**What the task requires**:
In the records below, find the line with "IKEA leverages AI", then copy each line exactly until you have copied the line with "#sensingtool #omnichannelstrategy #ikeastore". Leave any picture out.

**Data in this exercise**:
=-=-=-=-=

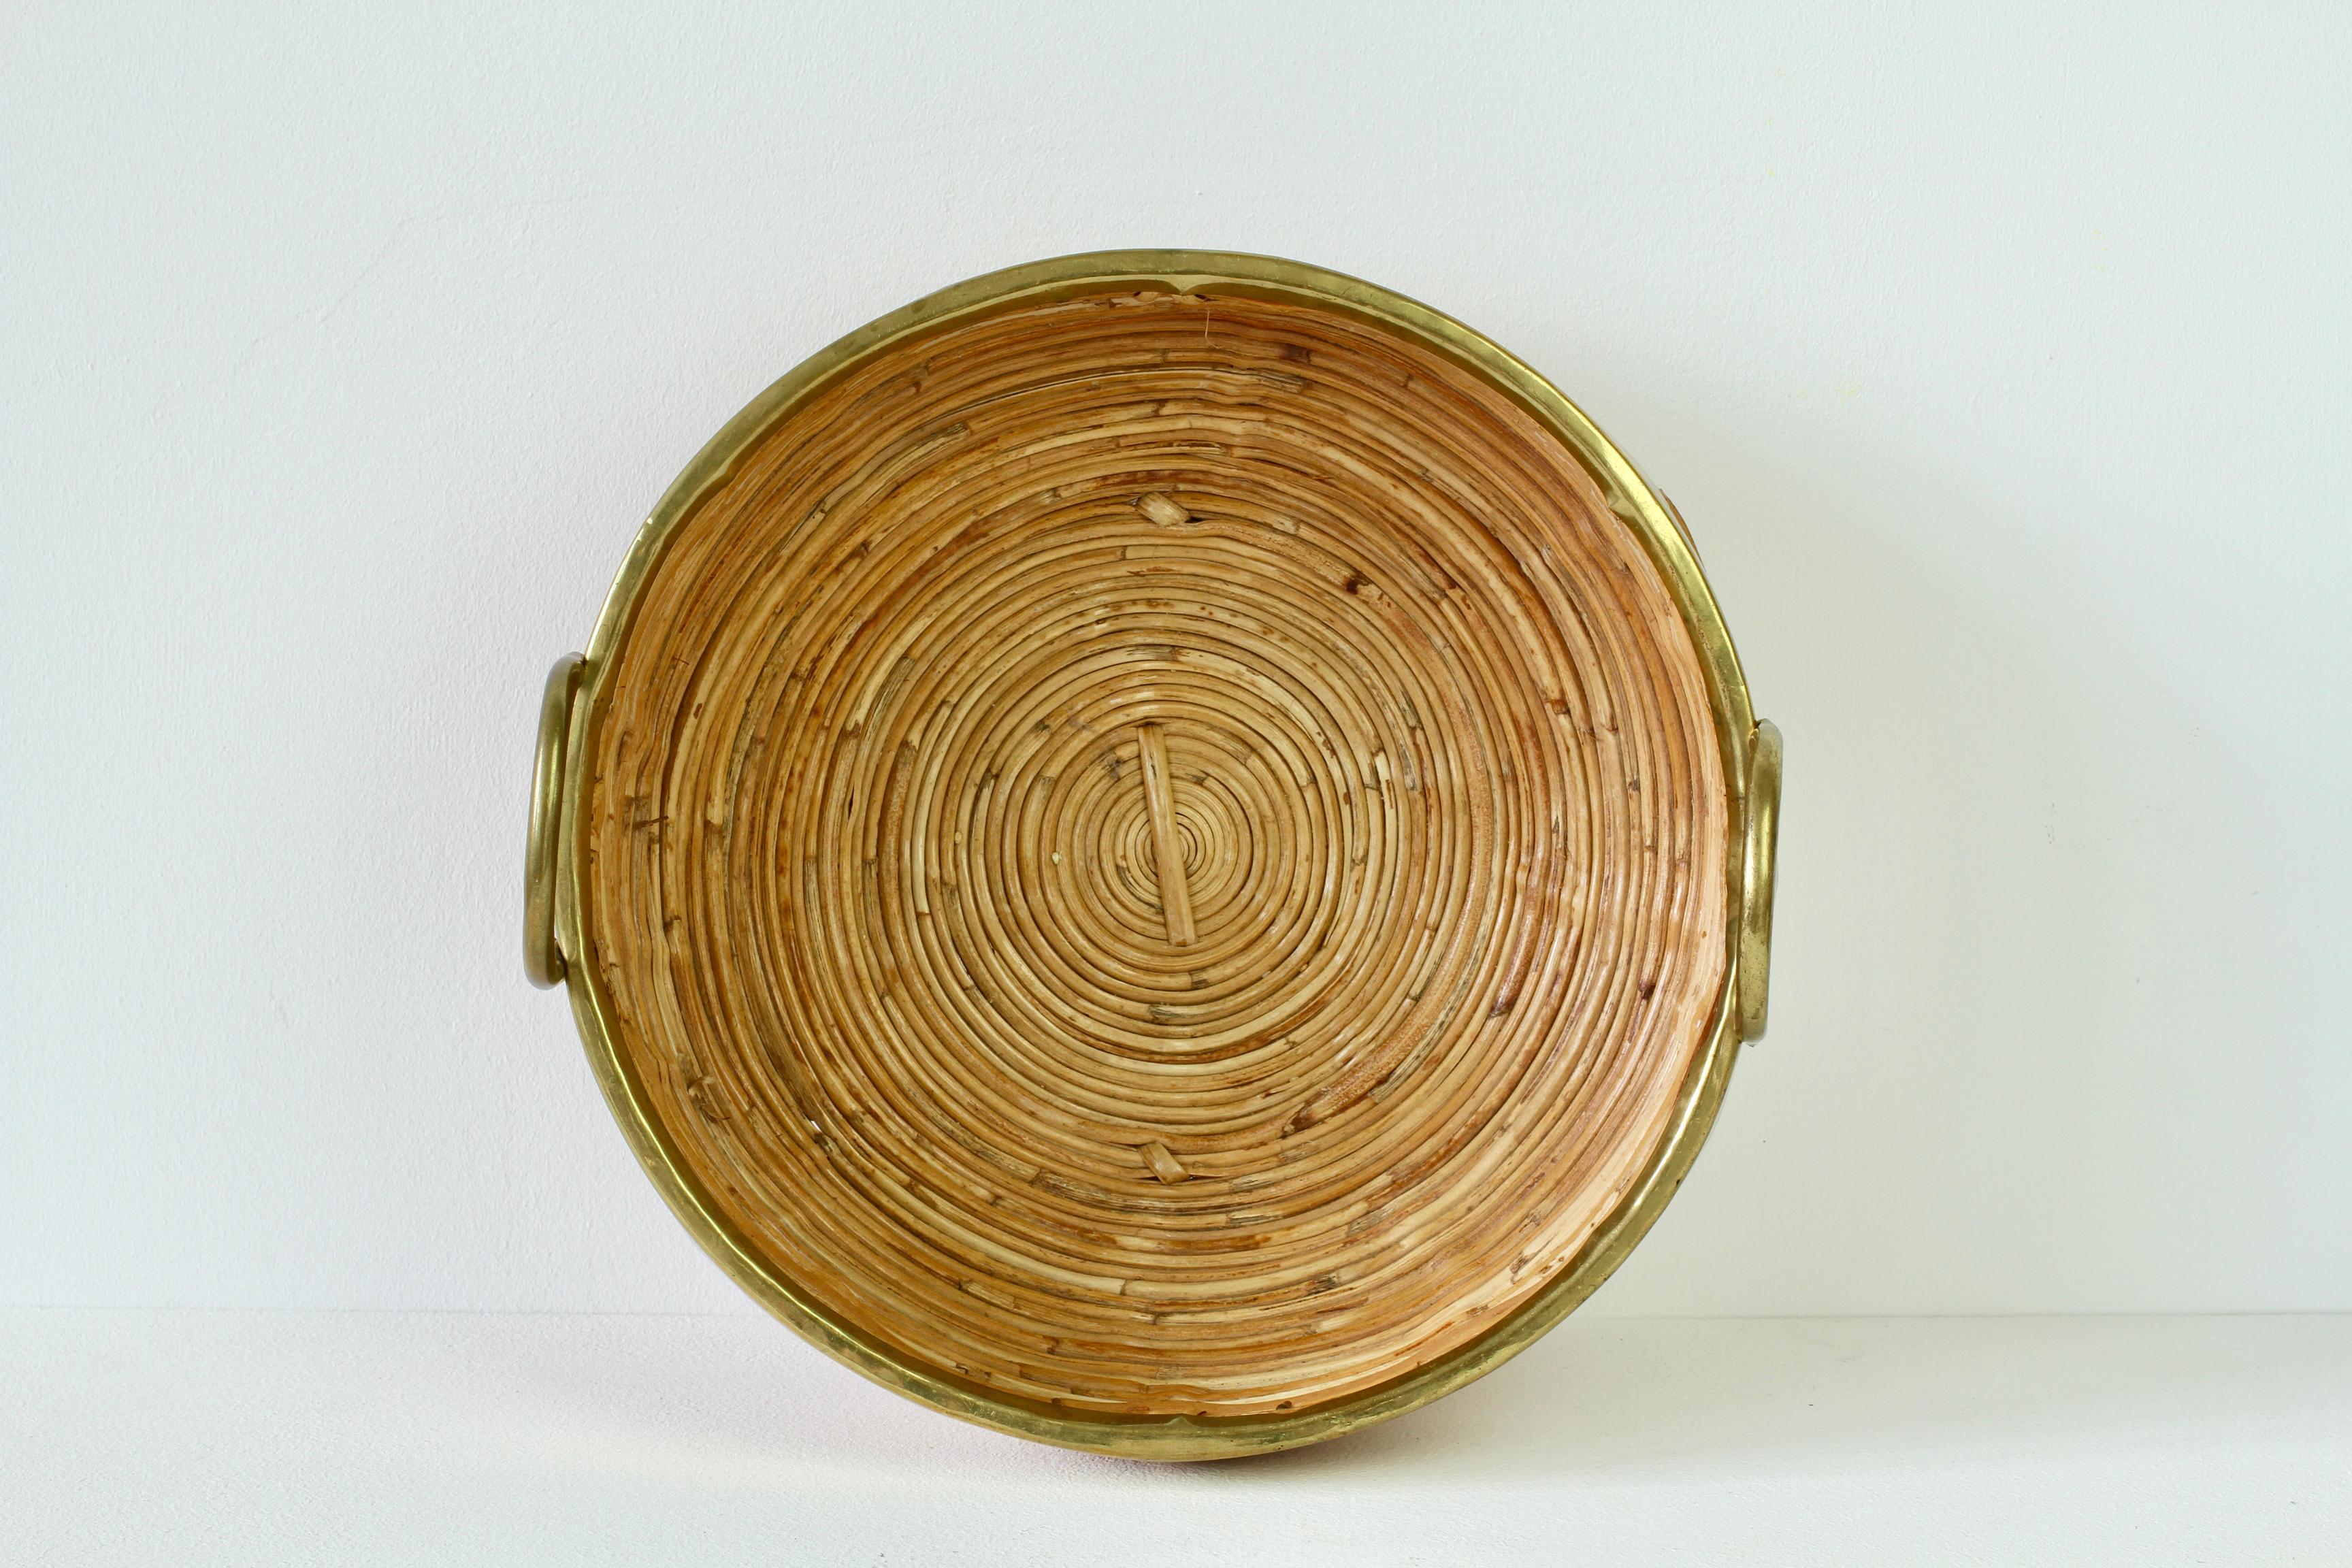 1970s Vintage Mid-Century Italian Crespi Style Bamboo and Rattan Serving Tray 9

=-=-=-=-=

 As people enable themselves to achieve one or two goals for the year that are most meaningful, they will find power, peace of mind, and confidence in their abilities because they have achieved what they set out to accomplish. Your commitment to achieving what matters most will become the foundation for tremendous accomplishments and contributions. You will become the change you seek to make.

=-=-=-=-=

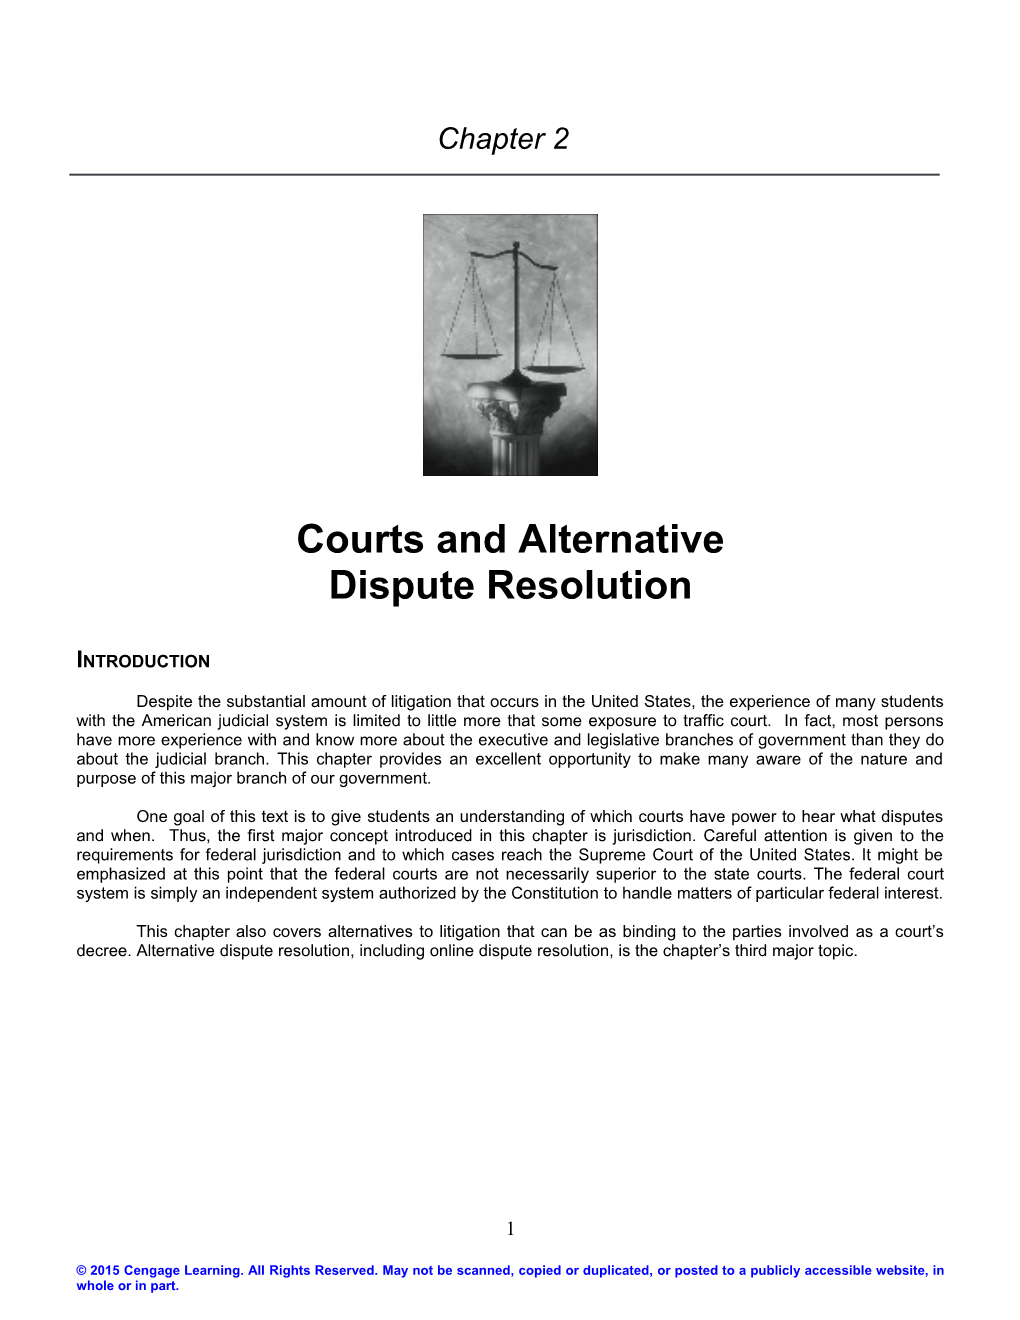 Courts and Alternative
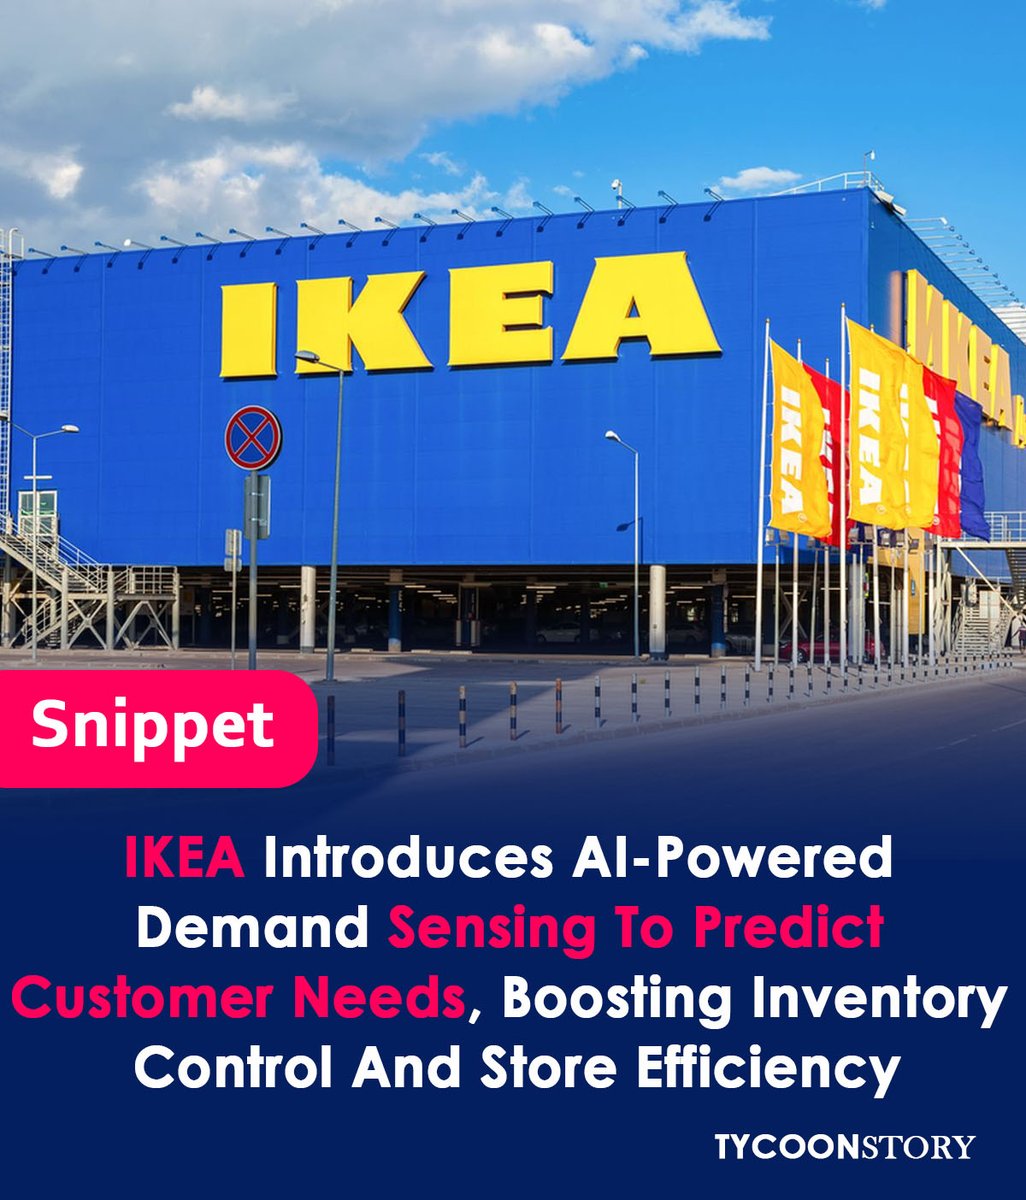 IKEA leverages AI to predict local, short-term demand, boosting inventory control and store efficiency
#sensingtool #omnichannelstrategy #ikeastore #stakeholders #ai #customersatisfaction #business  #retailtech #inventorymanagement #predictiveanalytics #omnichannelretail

=-=-=-=-=

**Written answer**:
 IKEA leverages AI to predict local, short-term demand, boosting inventory control and store efficiency
#sensingtool #omnichannelstrategy #ikeastore #stakeholders #ai #customersatisfaction #business  #retailtech #inventorymanagement #predictiveanalytics #omnichannelretail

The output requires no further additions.